> Data extract
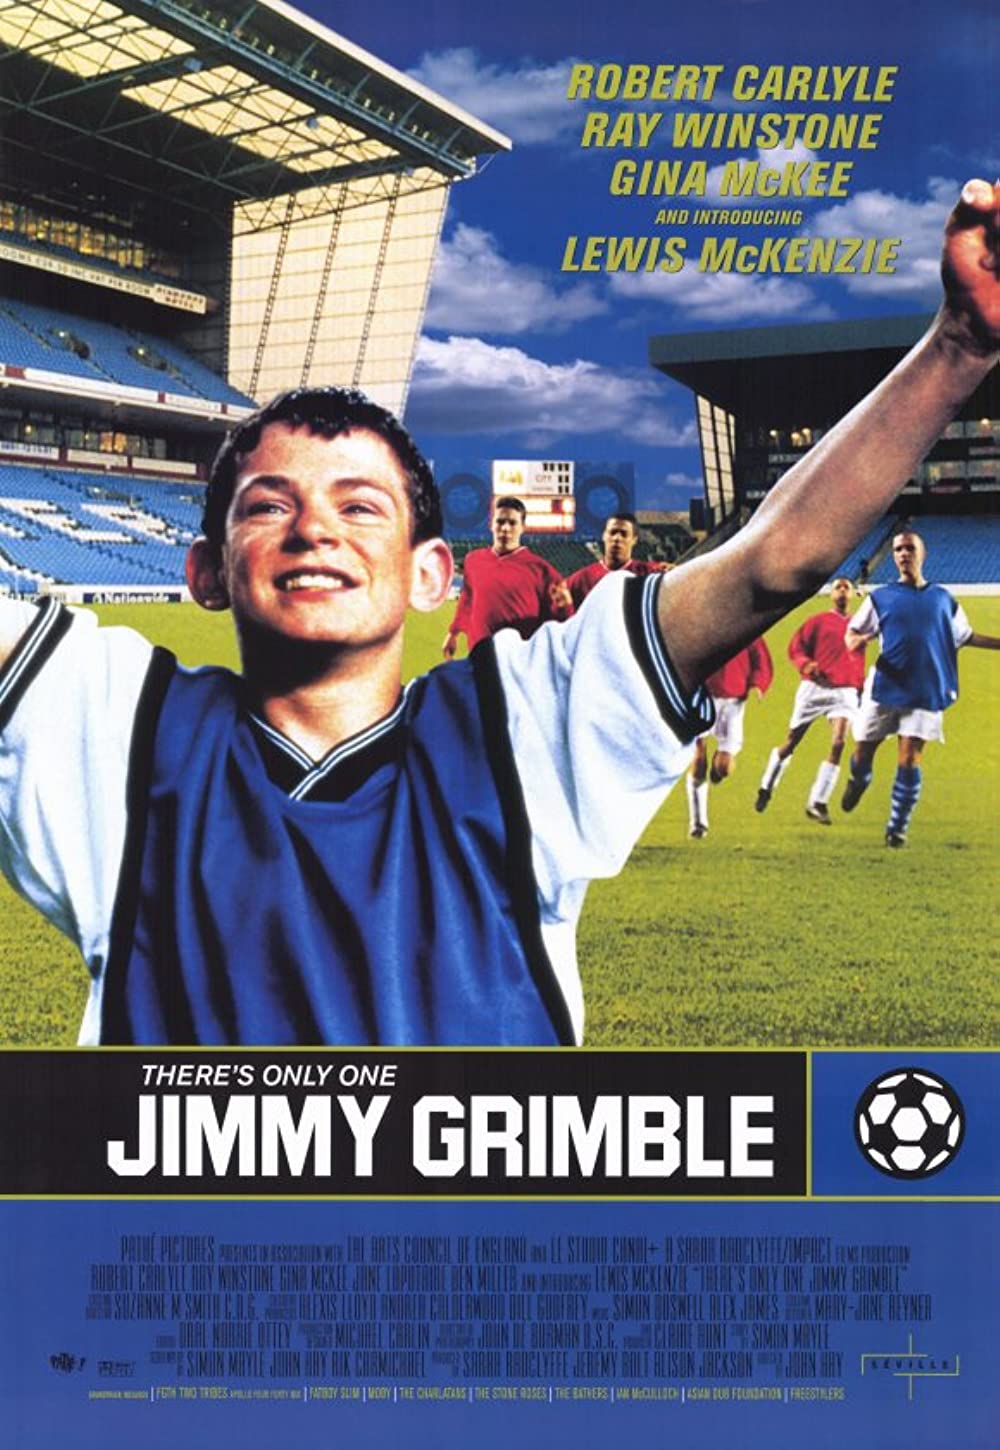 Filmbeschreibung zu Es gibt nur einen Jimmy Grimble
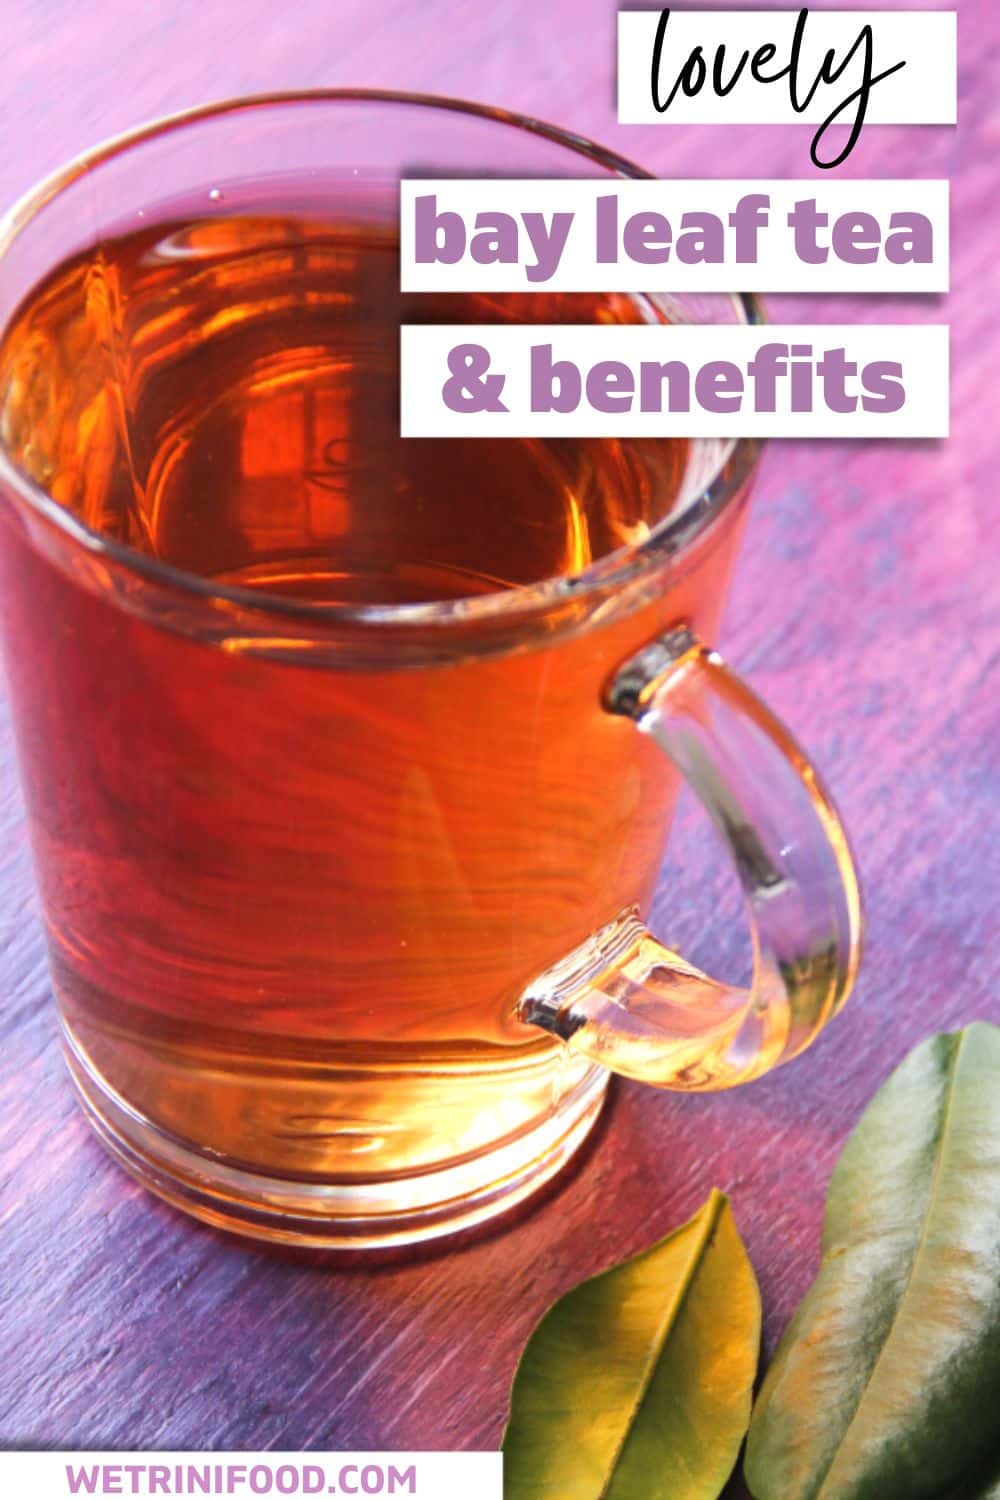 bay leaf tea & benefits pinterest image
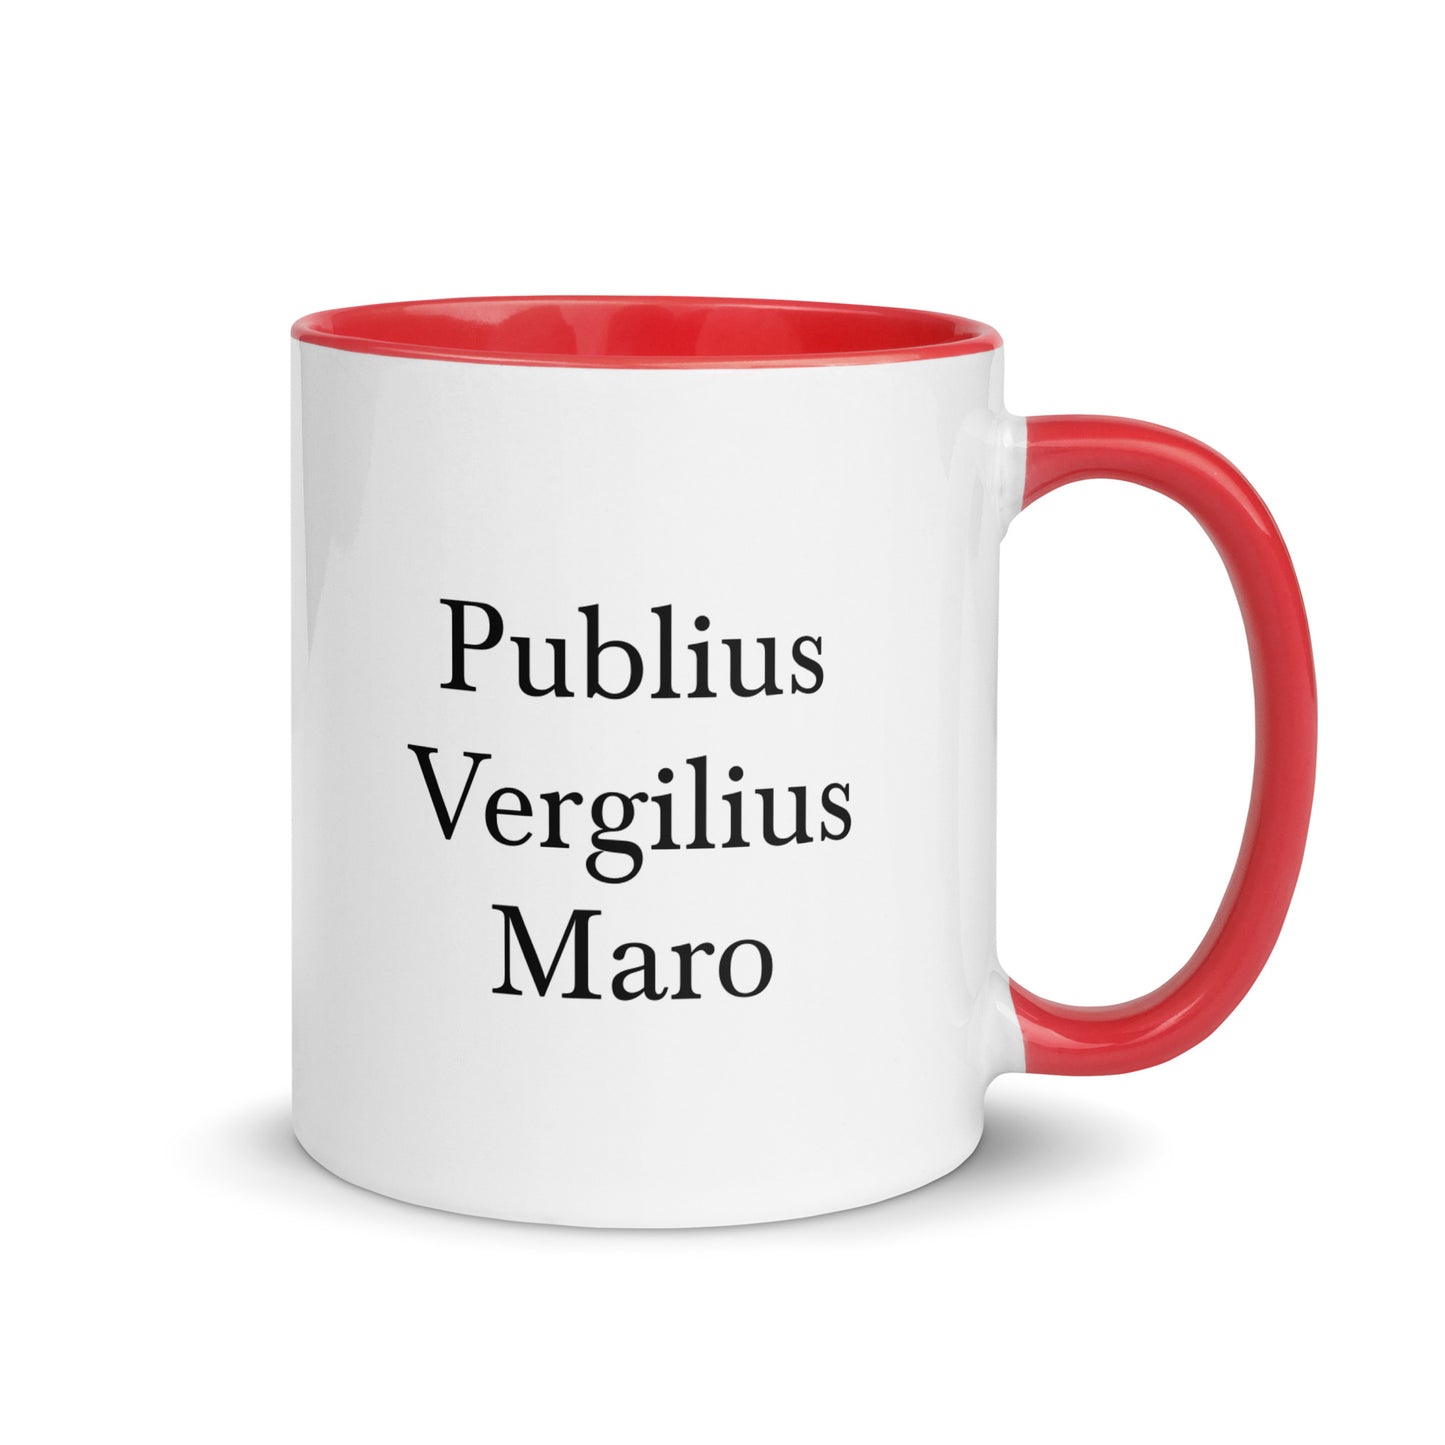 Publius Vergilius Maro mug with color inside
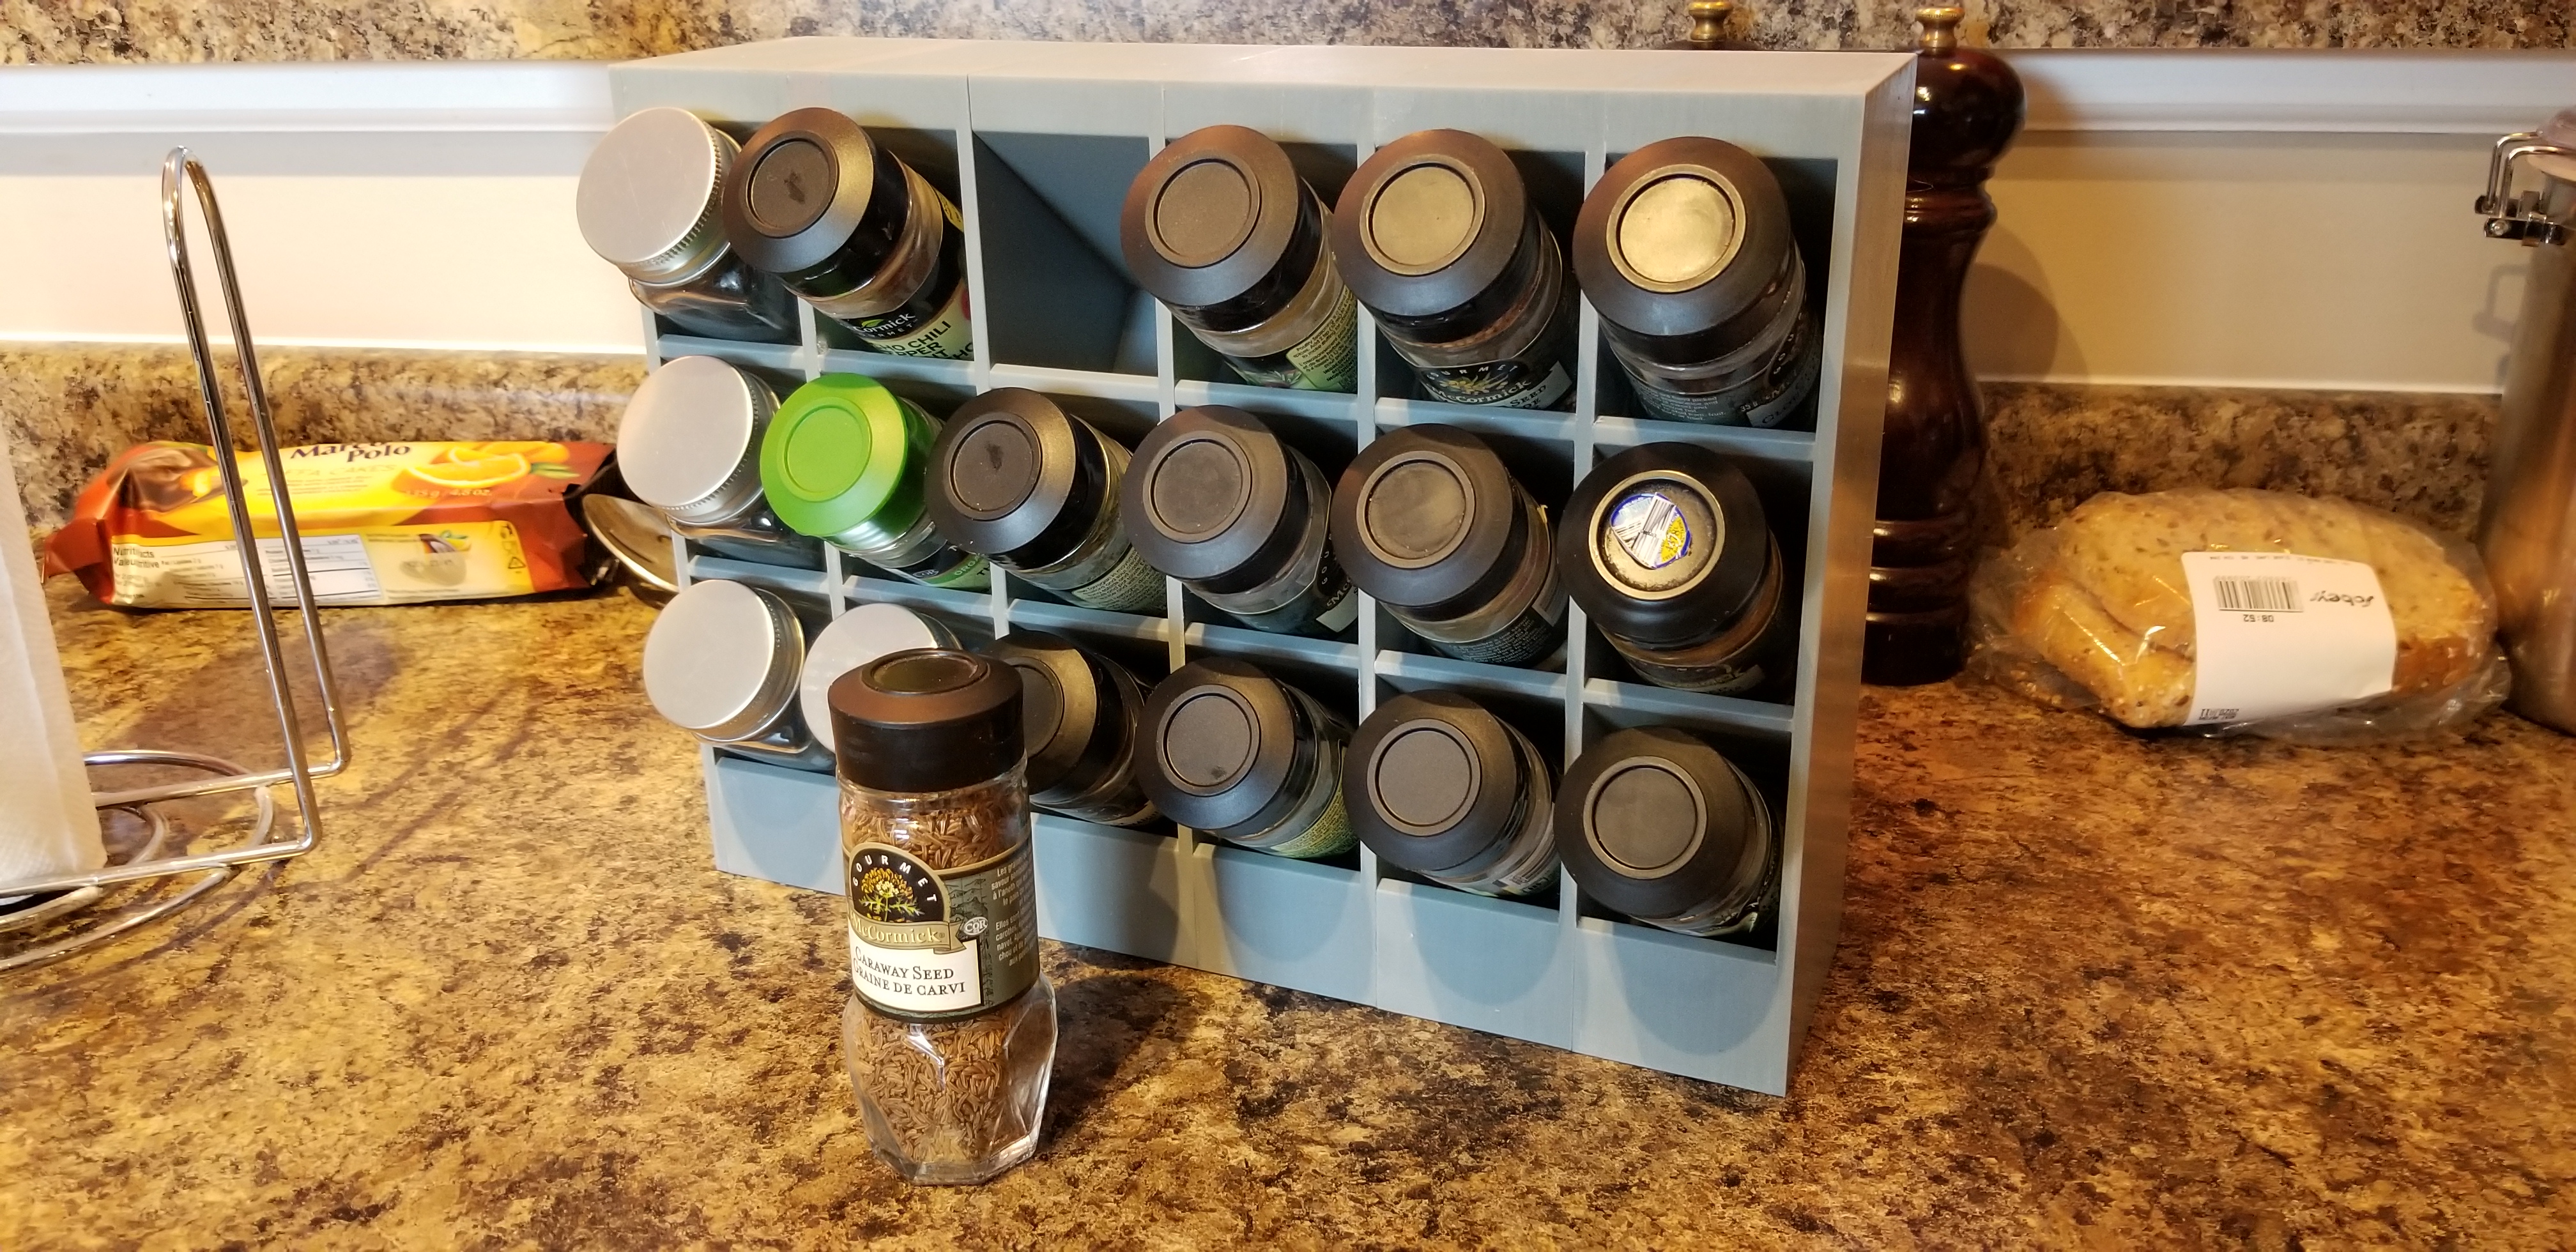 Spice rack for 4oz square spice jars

> What you are asked to do
Once the images are removed, print the remaining data exactly as it appears above.

> Result for this task
 Filmbeschreibung zu Es gibt nur einen Jimmy Grimble
 bay leaf tea & benefits pinterest image
 Publius Vergilius Maro mug with color inside
 Spice rack for 4oz square spice jars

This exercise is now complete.